27 January 2014

DFID discovers "Economic Development"

Justine Greening sounded very pleased with herself this morning for discovering this thing called "economic development." Very impressive stuff from an "International Development" Minister. Actually the policy changes all sounds pretty reasonable and balanced. I like the talk of new partnerships between UK accountants, insurers, Stock Exchange folks, major retailers, and their counterparts in developing countries. Perhaps just a few things rankled:
"For the first time we have financed business projects in developing countries through returnable loans…which means our money comes back when businesses are successful."
Isn't that what the CDC has been doing since 1948?
"Smart aid can take the form of building a better tax regime, helping to reduce trade barriers, or giving entrepreneurs and small businesses an economic launchpad. 
It can also be focusing on what the Prime Minister calls the Golden Thread. In other words, helping to build the institutions, the values by which individual rights to liberty and property are safeguarded…elements that represent a green light to companies thinking about investing in a frontier economy."
I buy that aid can help improve tax regimes (look at Rwanda and Burundi) and reduce trade barriers. But build institutions? If the lesson you got from Acemoglu and Robinson is that aid can build institutions, I'm pretty sure you're reading it wrong.
"I’m acutely aware that Britain’s future economic strength depends on us increasing our global exports ... We all recognise the importance of the world’s new emerging powers ... But what about tomorrow’s BRICS and MINT countries? ... we could wait until these markets have grown, until they are less risky and the opportunities are more obvious. ... But how much better to start our relationships with these countries sooner rather than later." 
Which is basically fine in practice, but perhaps we should be careful about our language given that actually we started our relationships with most of these countries some time ago ...

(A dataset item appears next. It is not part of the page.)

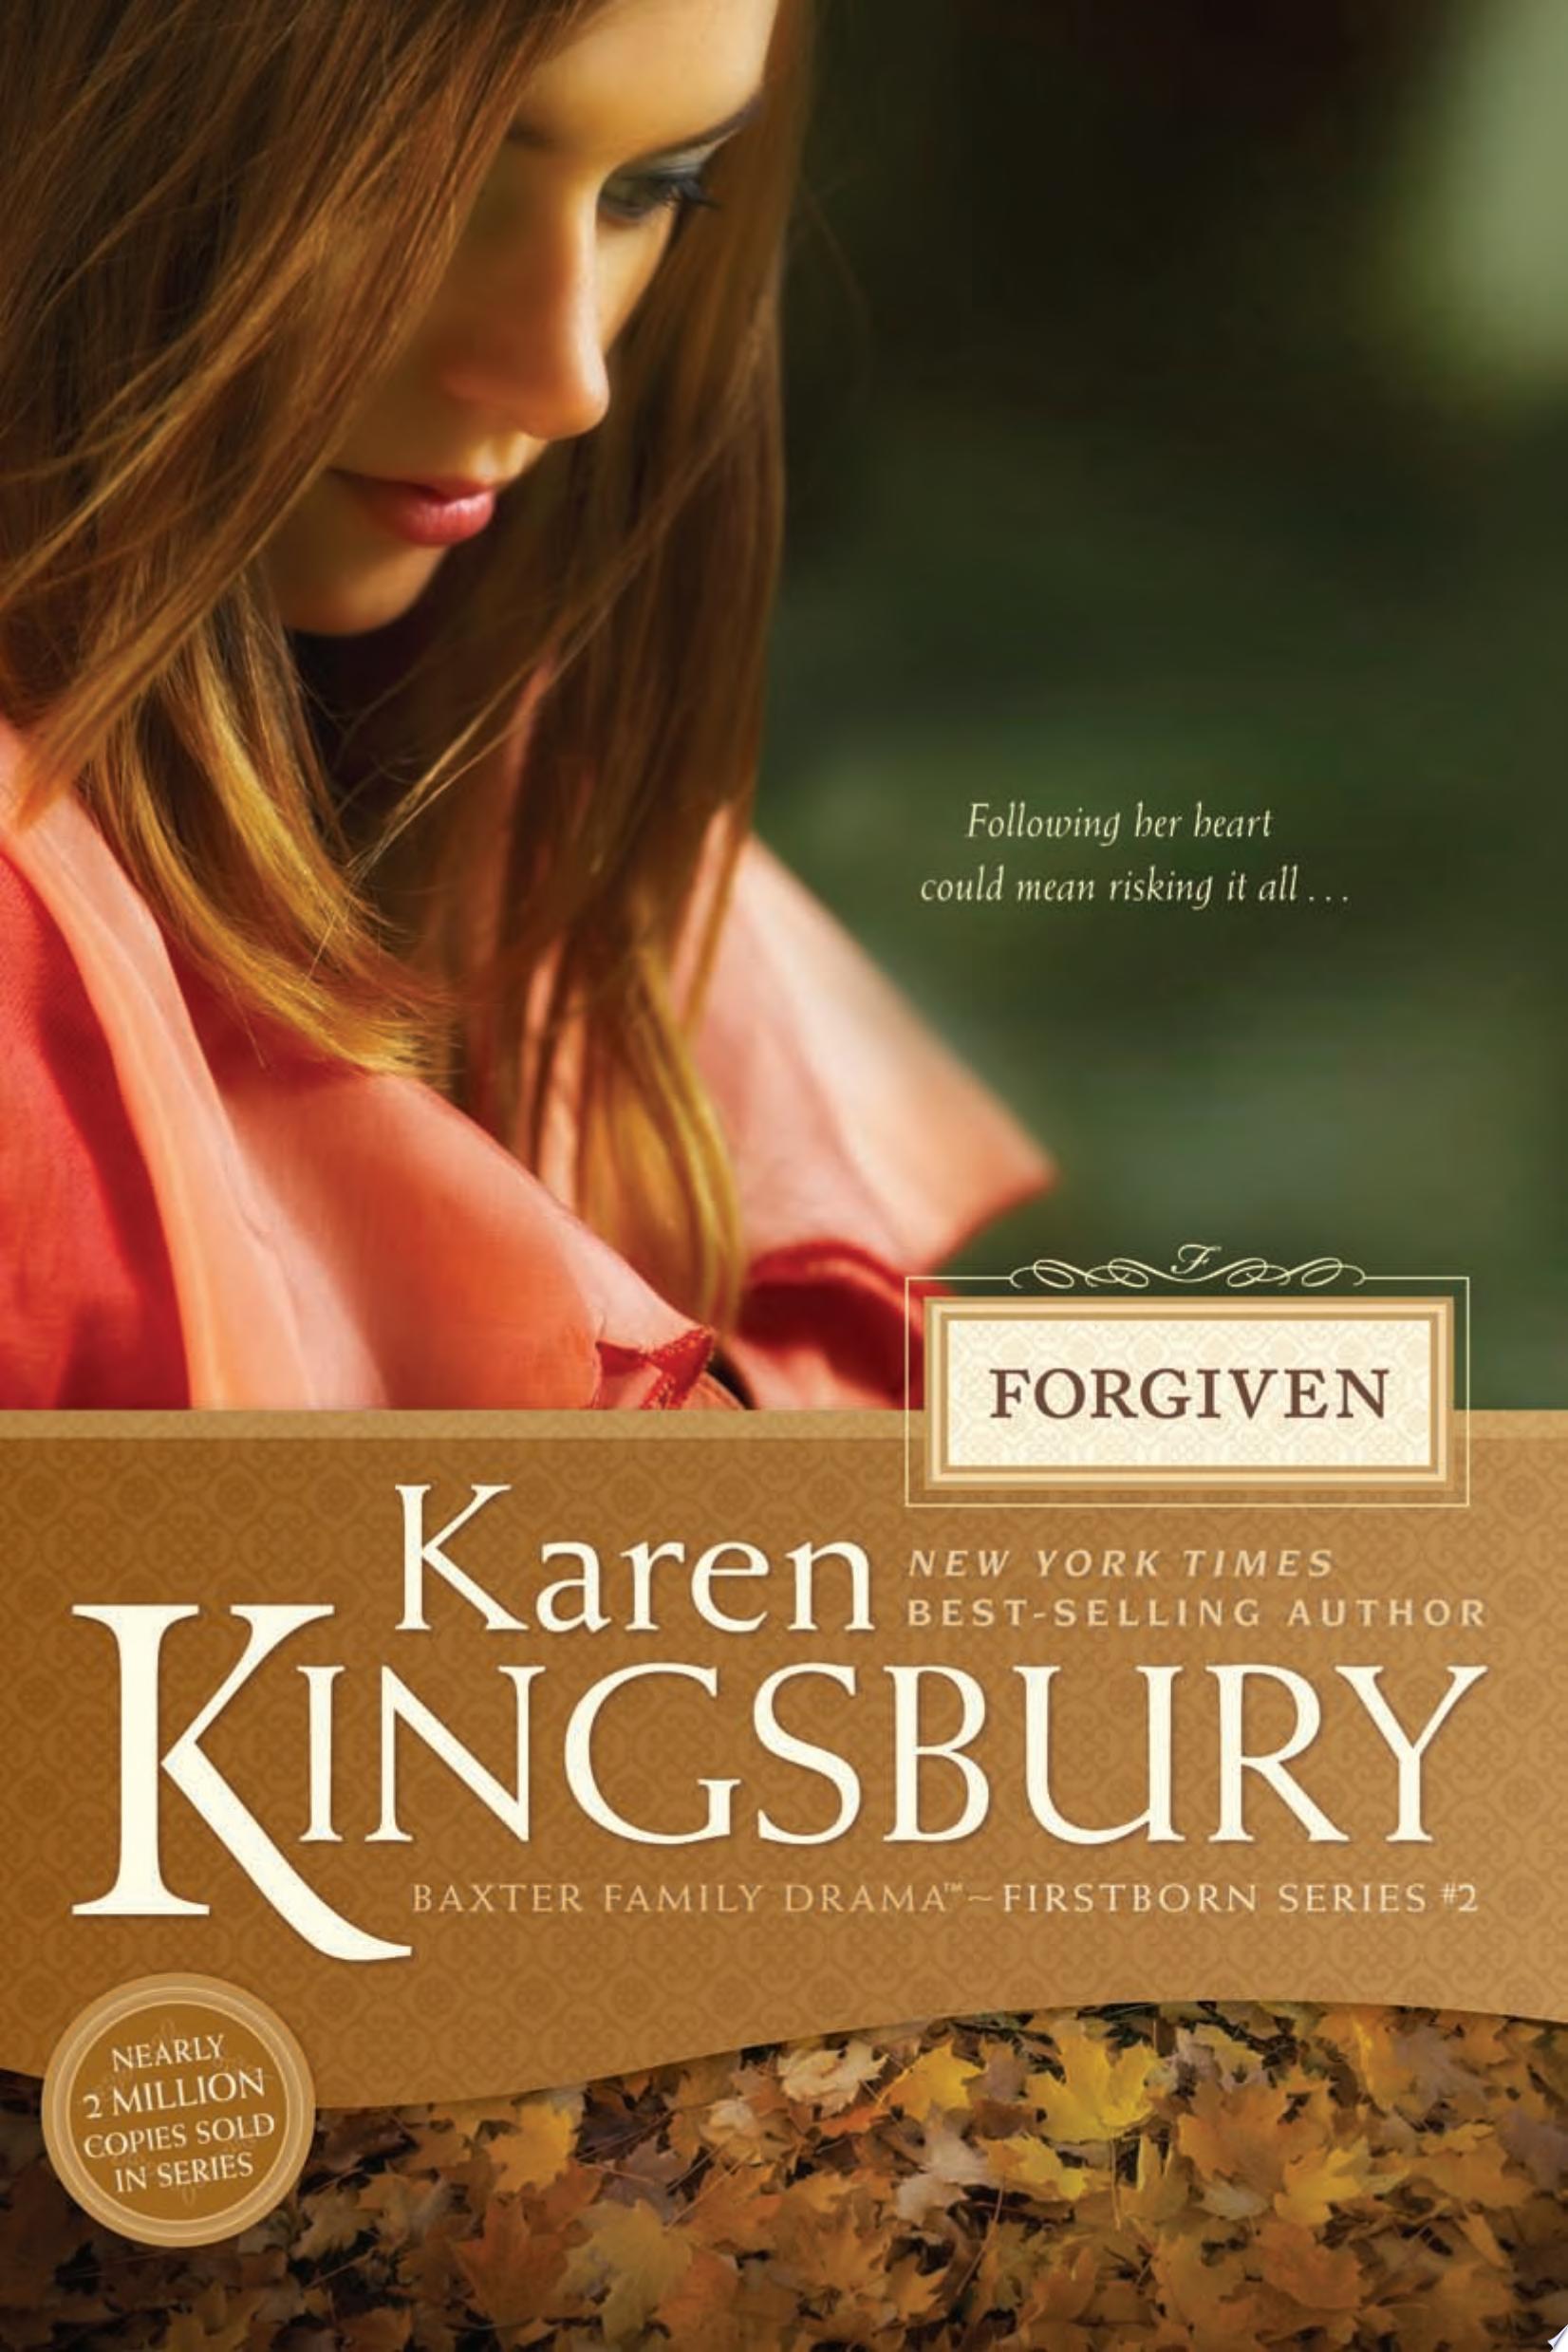 Image for "Forgiven"

(ahem: see the few countries that Britain has not invaded) 

... and that in many cases our self-interested engagement with developing countries didn't work out so well for them (see for example the mysterious case of the disappearing Indian colonial-era textile industry).
"As the Prime Minister has said, we’re in a global race and if we want to be ahead of the game, we can’t simply follow the crowd."
Does repeating the word 11 times make it so?